Her eyes—those beautiful warm brown eyes—squeezed shut, as if she didn’t want him to see the truth in them.
“You said everyone made it out all right.”
“Yes, but it’s not over,” she said.
Then he remembered what Derek had told him and Gage. The danger is not who you think...
He groaned.
She sat up and looked at the machines hooked to him, monitoring his condition. “Are you okay?”
“Yes.” But he wouldn’t be able to tell her what he wanted to tell her until he knew this was over. “Physically, I’m fine. But if something happens to one of my daughters...”
She squeezed his IV-less arm. “I know.”
No parent knew better than she did, not with the danger her kids routinely faced.
“Nick and my other boys,” she said, claiming her husband’s illegitimate son in the way he had claimed Megan—wholeheartedly, “they’re working on finding Richard.”
“Richard?”
“Yes, he worked with Derek and double-crossed him. That was how D wound up behind bars and Richard wound up with the fortune in diamonds Derek had stolen.”
He sucked in a breath.
And she touched his chest.
He couldn’t feel her fingers though through the heavy bandages wrapped around his torso. Now he knew where he’d been shot. He expelled that breath in a shaky sigh of relief that he’d survived.
“Are you sure you’re all right?” she asked.
He nodded. “I’m just shocked. I checked Richard out. And he has no record.”
“He’d never been caught,” she said.
Woodrow shook his head. “I don’t understand...”
“What?” she asked. “You couldn’t have known. No one suspected what he was capable of.”
“But
why wouldn’t Derek have turned him in?” he wondered. “If he’d given up his partner, he might have gotten a reduced sentence.”
“From what Nikki overheard, Derek thought he was dead. Apparently, he tortured Richard to find out where he’d stashed the diamonds. He’d thought he’d gone too far and Richard had died.”

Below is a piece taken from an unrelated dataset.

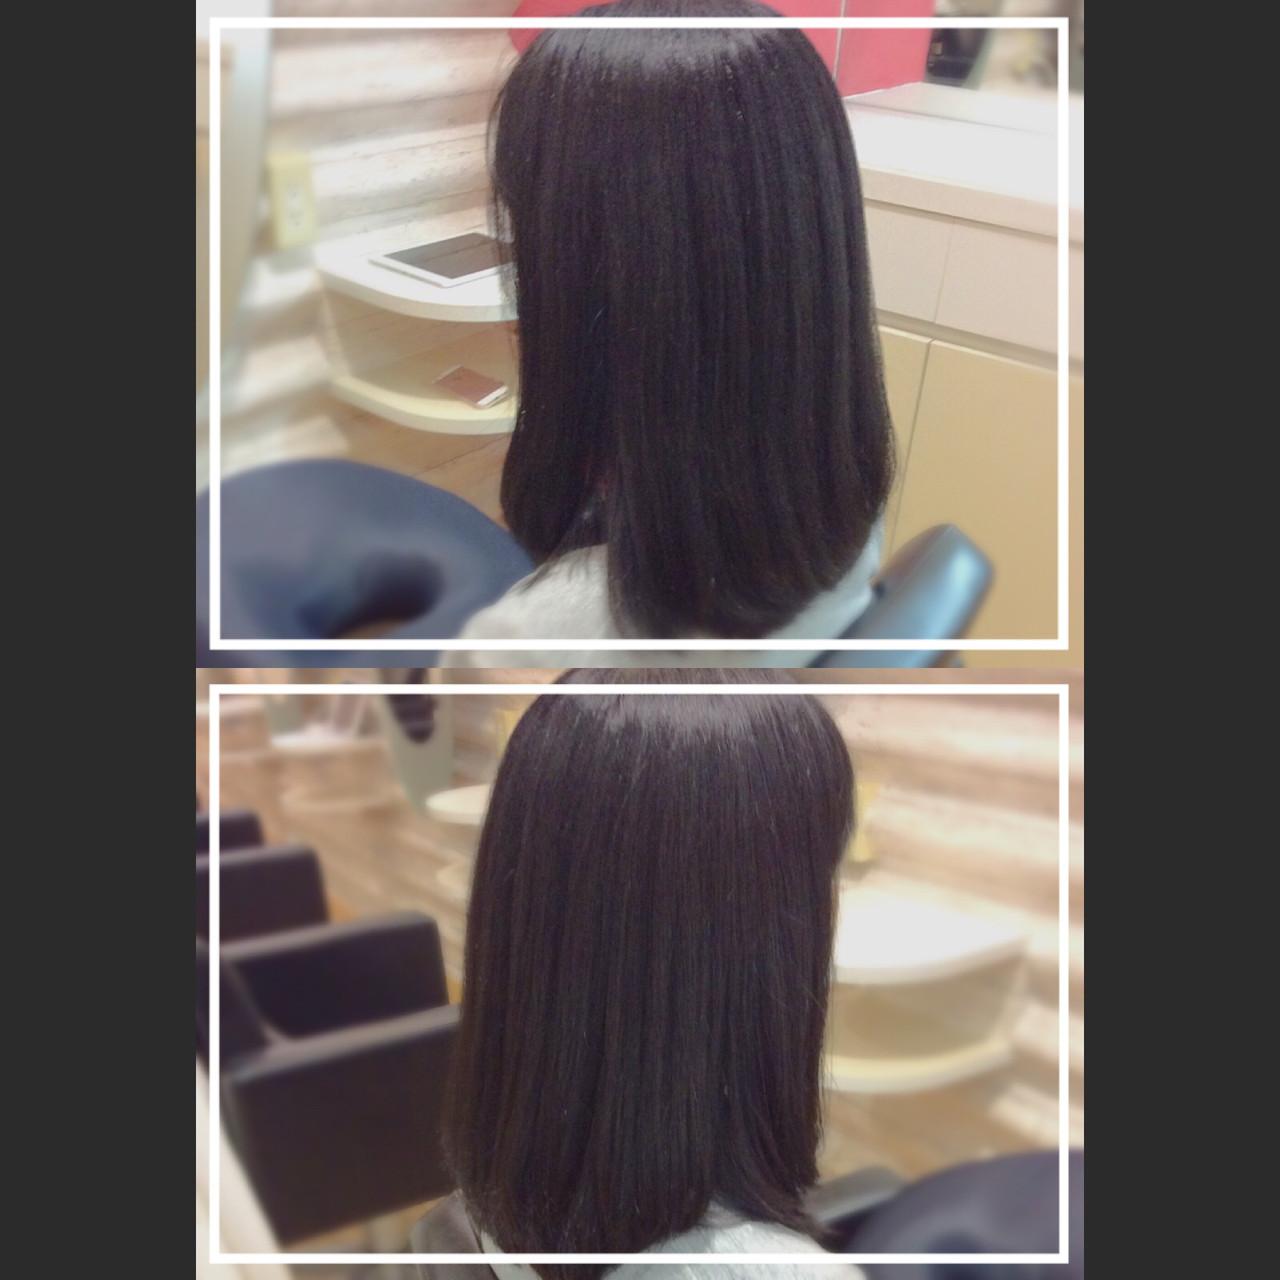 ロング 髪質改善 大人ヘアスタイル 艶髪 ヘアスタイルや髪型の写真・画像

“But he survived.” Woodrow regretted that after all the fear the man had caused Megan and might still cause her. Realization dawned as he remembered what he had discovered about the man who could have been his son-in-law, probably would have been had Derek not broken out of prison and hijacked the wedding.
“I know he had a lot of plastic surgery five or so years ago,” Woodrow said. His hacker had hacked the hacker’s medical records. “It was due to burns, though. I figured they were just from the fire Megan had mentioned Richard had been in.”
Instead he had been tortured. Derek Nielsen must have been determined to get those diamonds. But Richard had been even more determined to keep them. He’d been willing to give up his life over them.
“Nikki figures Andrea helped him,” Penny said, “that she was playing both of them.”
But she was dead and so was Derek Nielsen. And hopefully Richard was long gone.
“I’m sure he left the church and headed straight to the airport,” Woodrow said.
Penny shook her head. “I doubt it. He won’t leave without the diamonds.”
“So he’ll retrieve those from wherever he stashed them, and he’ll leave.”
Her face, which had been flushed with color when he had awakened, grew pale now.
“What?” he asked. The numbness was beginning to wear off because he felt a pang of fear now—in his heart.
“The diamonds were on Megan’s wedding gown.”
He knew what that meant. Richard wouldn’t leave without the diamonds and probably not without Megan, either.
“Gage will protect her,” Penny assured him.
Woodrow trusted Gage. But Richard Boersman was more dangerous than any of them had realized. And even more desperate.
He had been willing to give up his life once for those diamonds. He would definitely be willing to do it again. And Woodrow suspected that for those damn diamonds, Richard would have no qualms about taking a life or two.